ASSIGNED TASK
In the records below, reproduce exactly the lines from the one containing "Species Candacia cheirura" through the one containing "ose Bloom in Evening Light Rose", both included, and omit the pictures.

(DATA SHOWN)

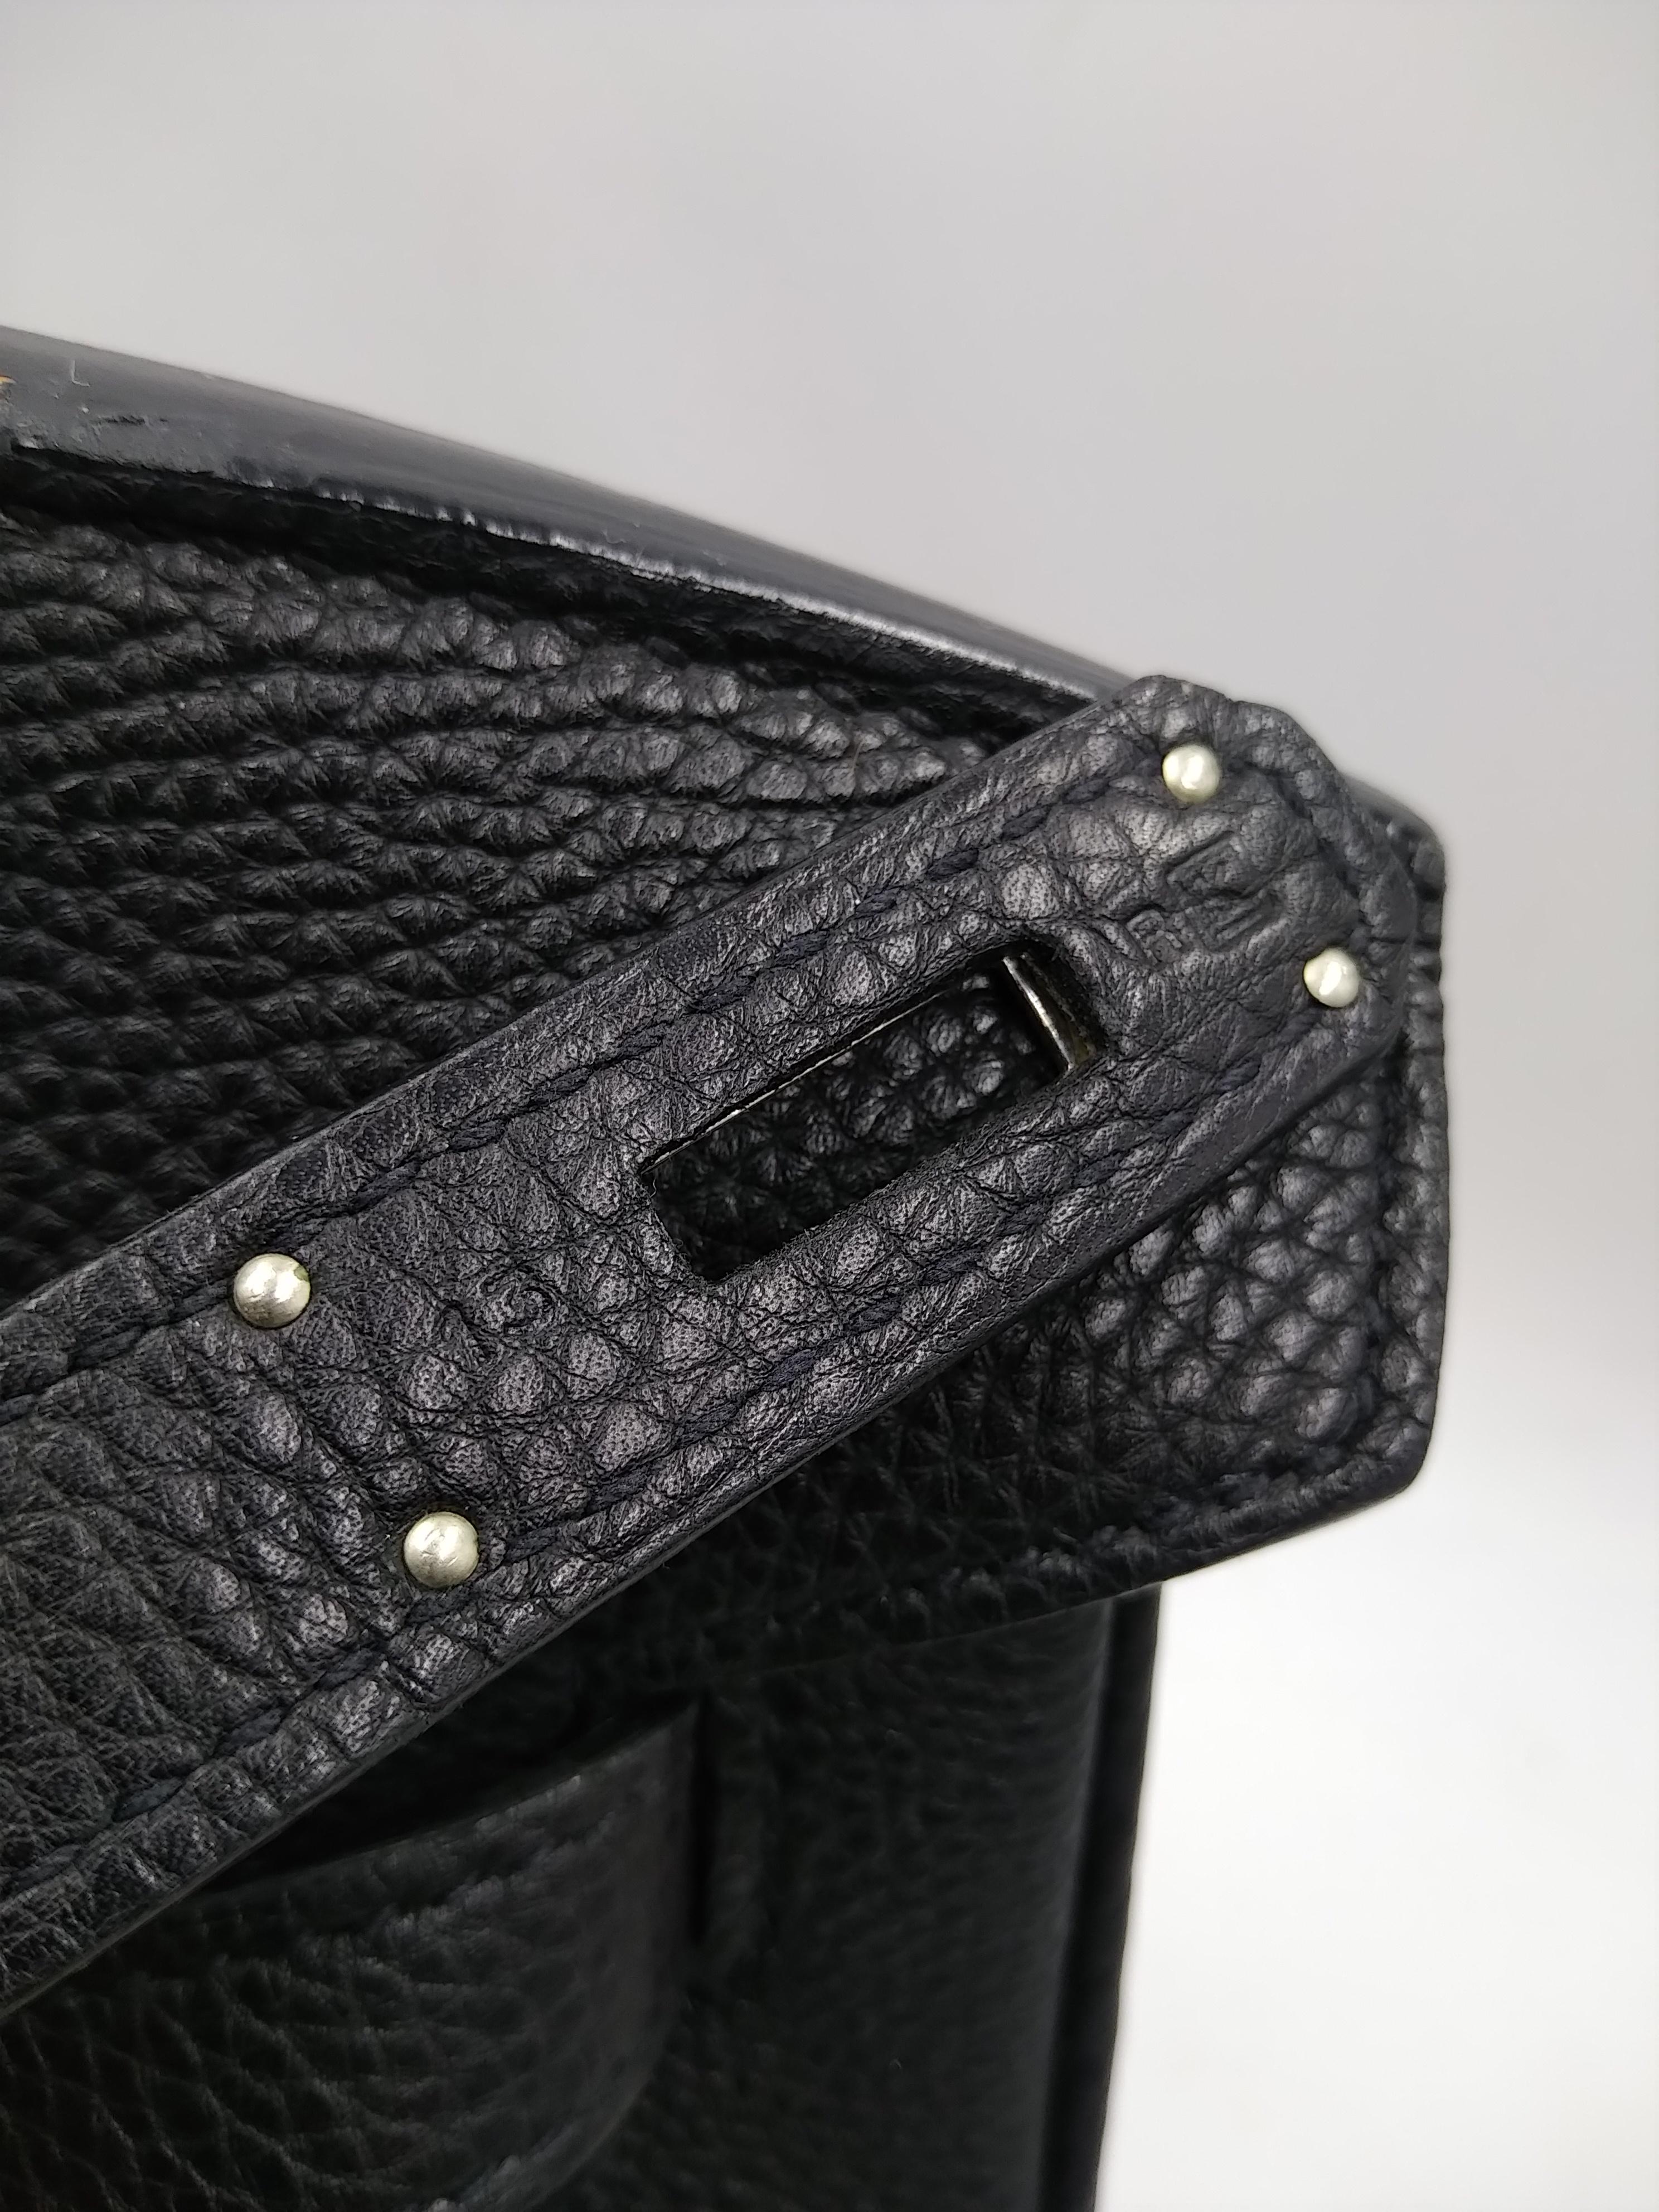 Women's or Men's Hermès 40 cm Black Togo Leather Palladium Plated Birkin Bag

(End DATA SHOWN)
(DATA SHOWN)

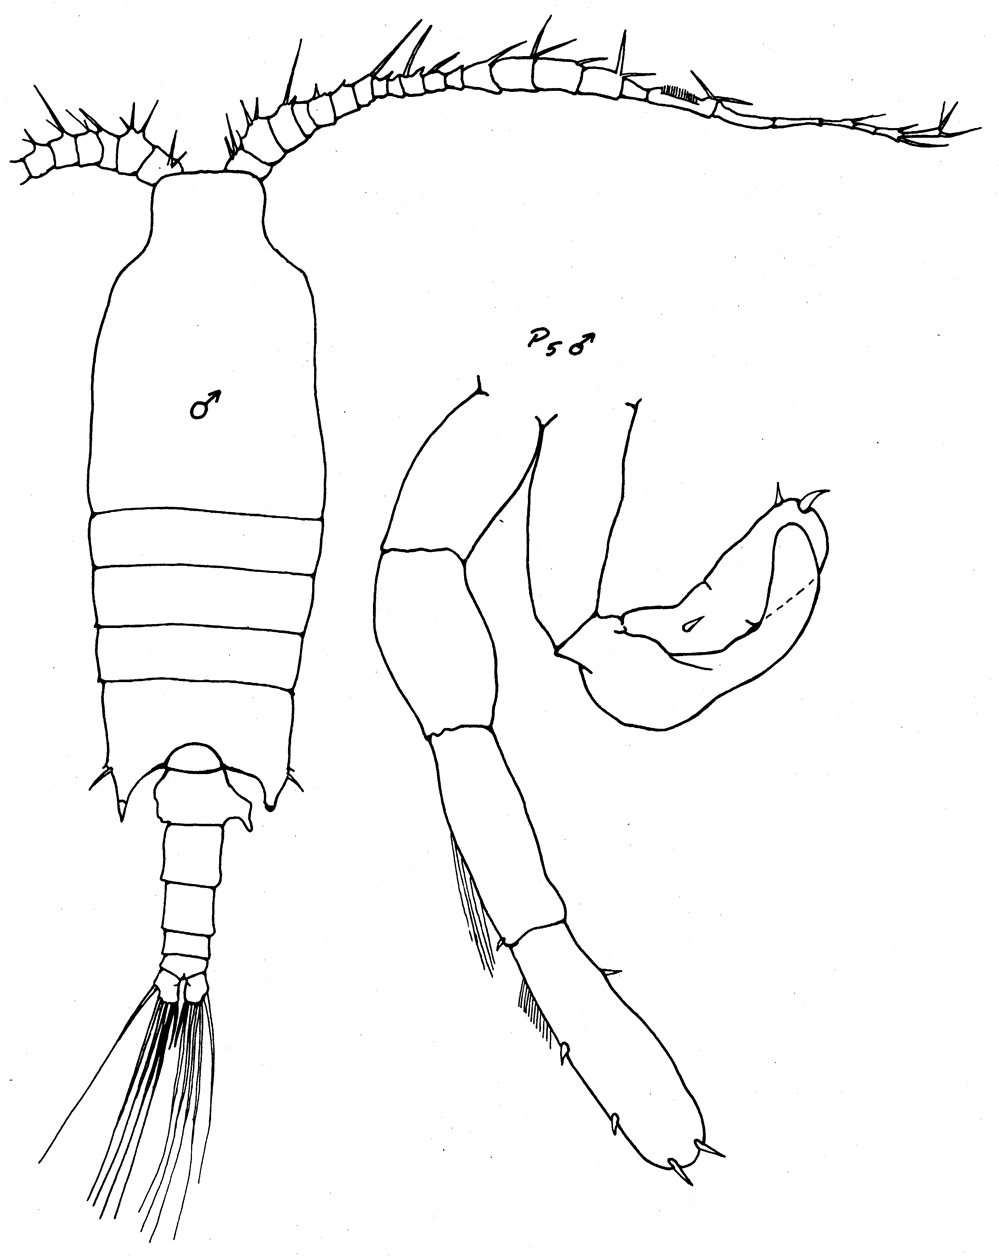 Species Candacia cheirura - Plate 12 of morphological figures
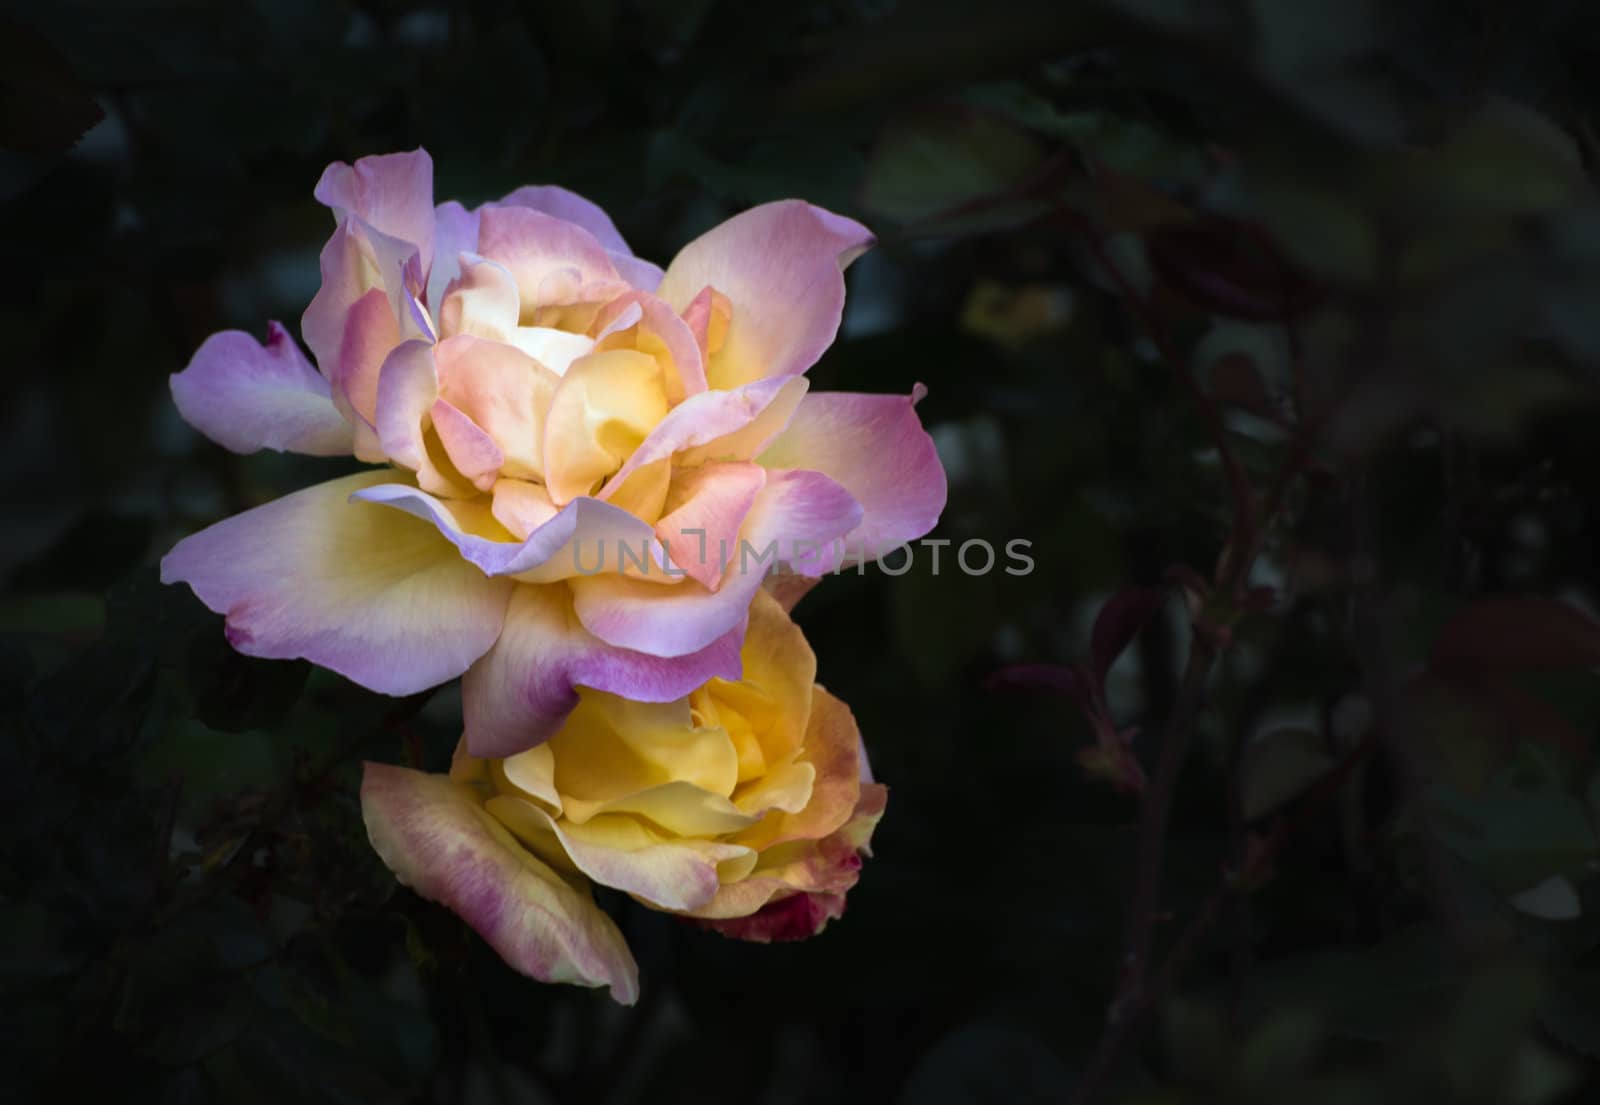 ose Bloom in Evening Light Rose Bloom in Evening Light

(End DATA SHOWN)

RESULT
 Species Candacia cheirura - Plate 12 of morphological figures
 ose Bloom in Evening Light Rose Bloom in Evening Light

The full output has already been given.